**DATASET RECORDS**
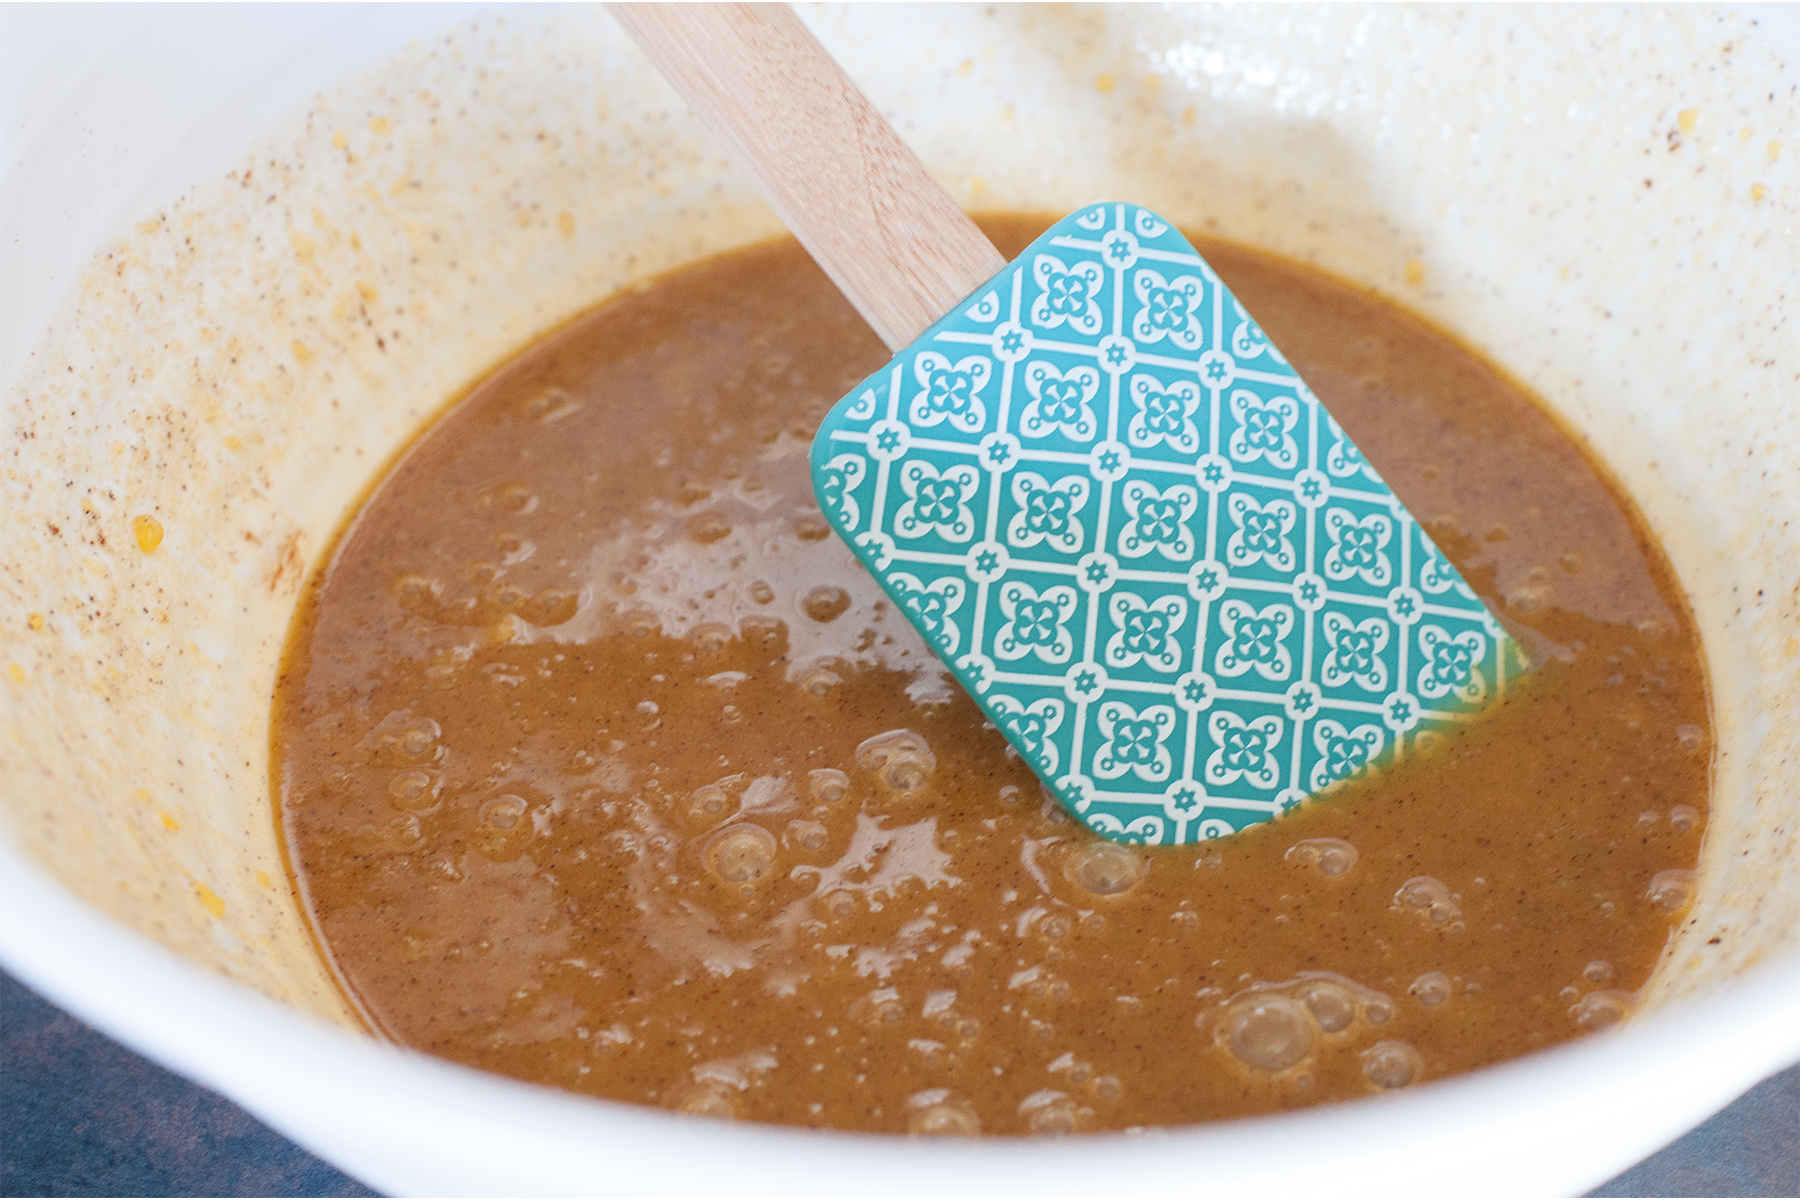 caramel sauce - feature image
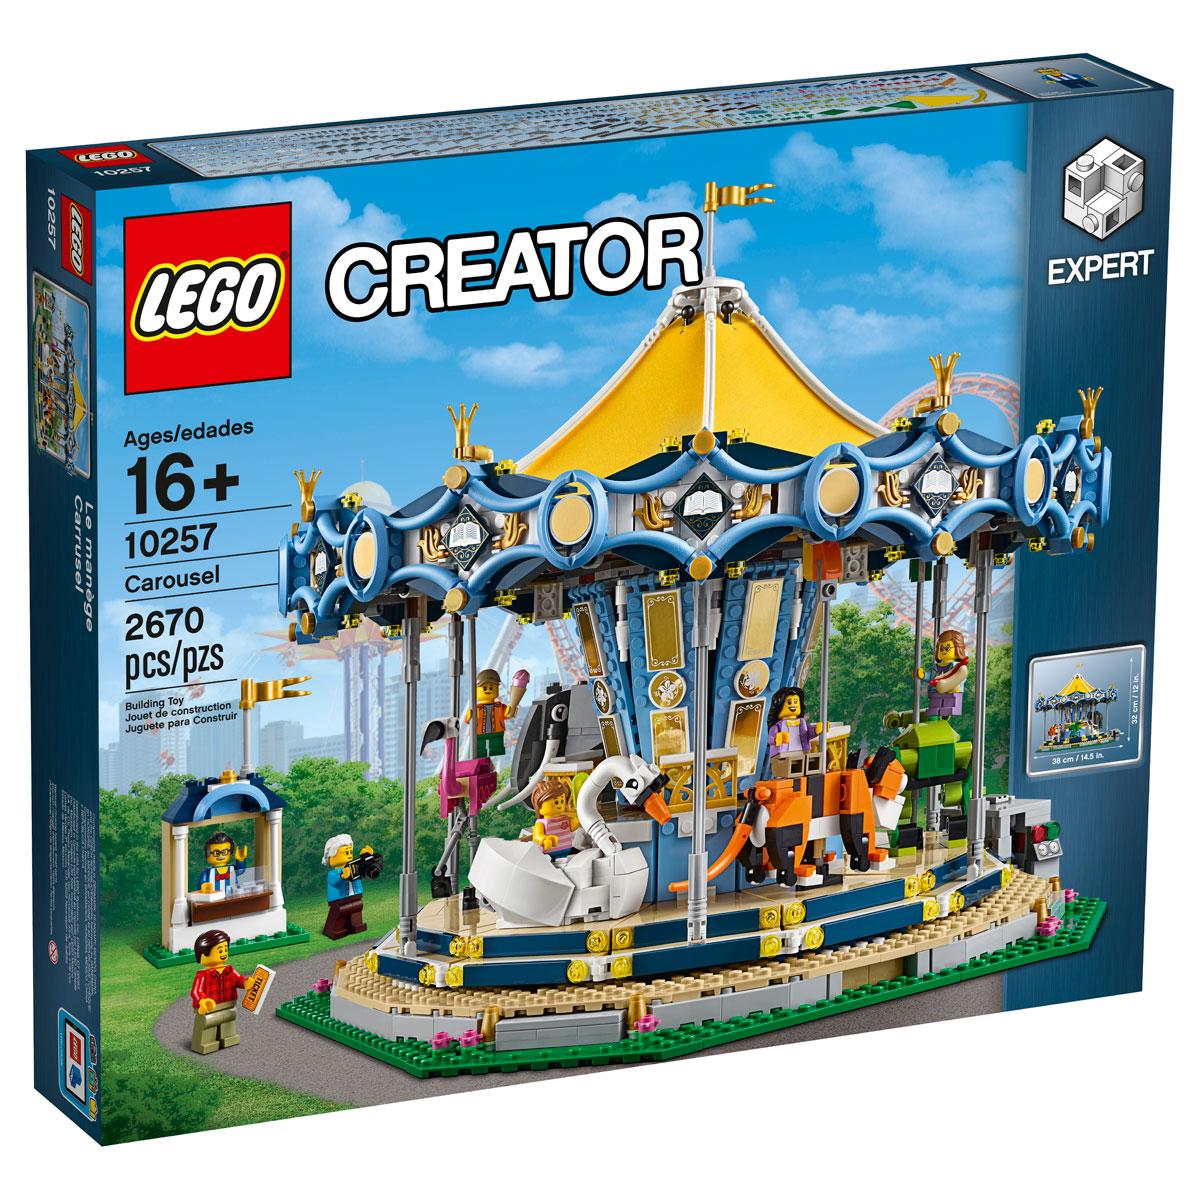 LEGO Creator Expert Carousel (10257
---
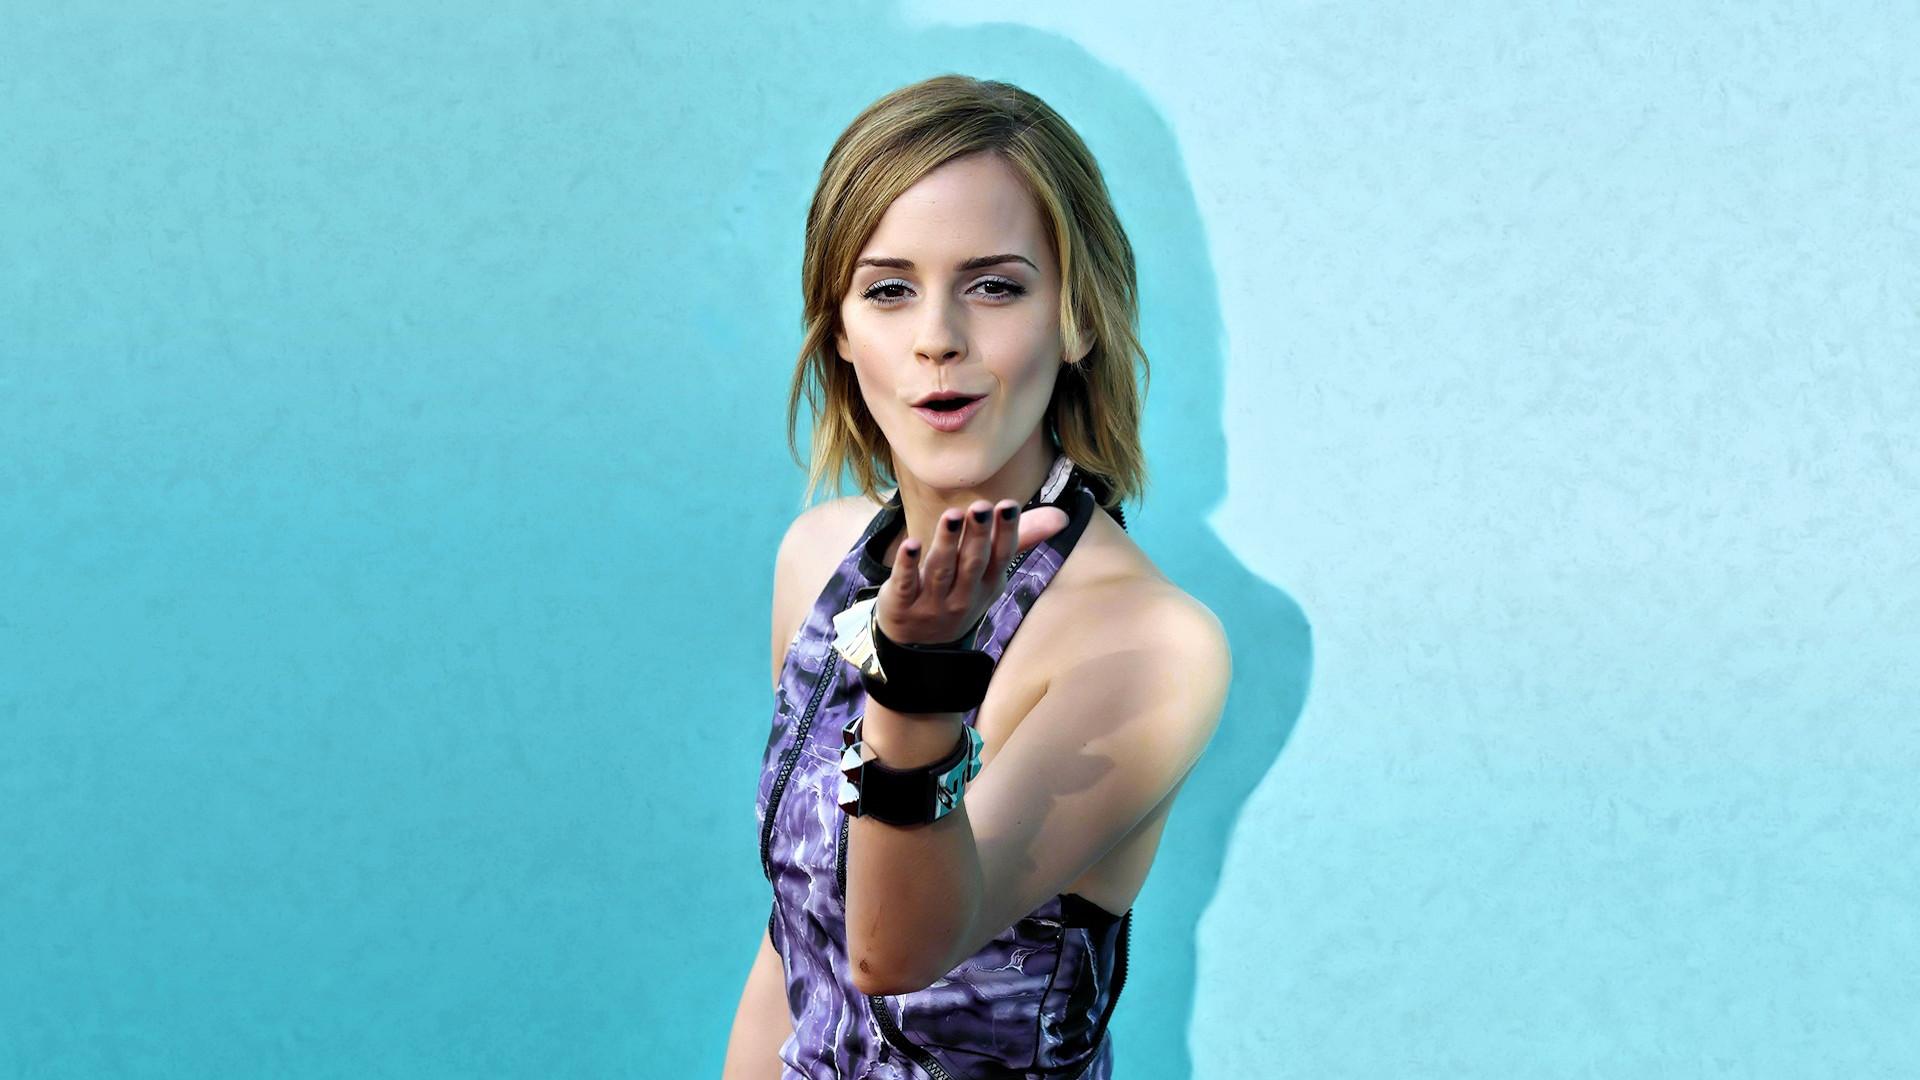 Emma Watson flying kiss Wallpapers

**TASK OBJECTIVE**
Everything above from the line containing "caramel sauce - feature image" through the line containing "LEGO Creator Expert Carousel (10257" must be repeated exactly, and the pictures must be left out.

**EXERCISE SOLUTION**
 caramel sauce - feature image
 LEGO Creator Expert Carousel (10257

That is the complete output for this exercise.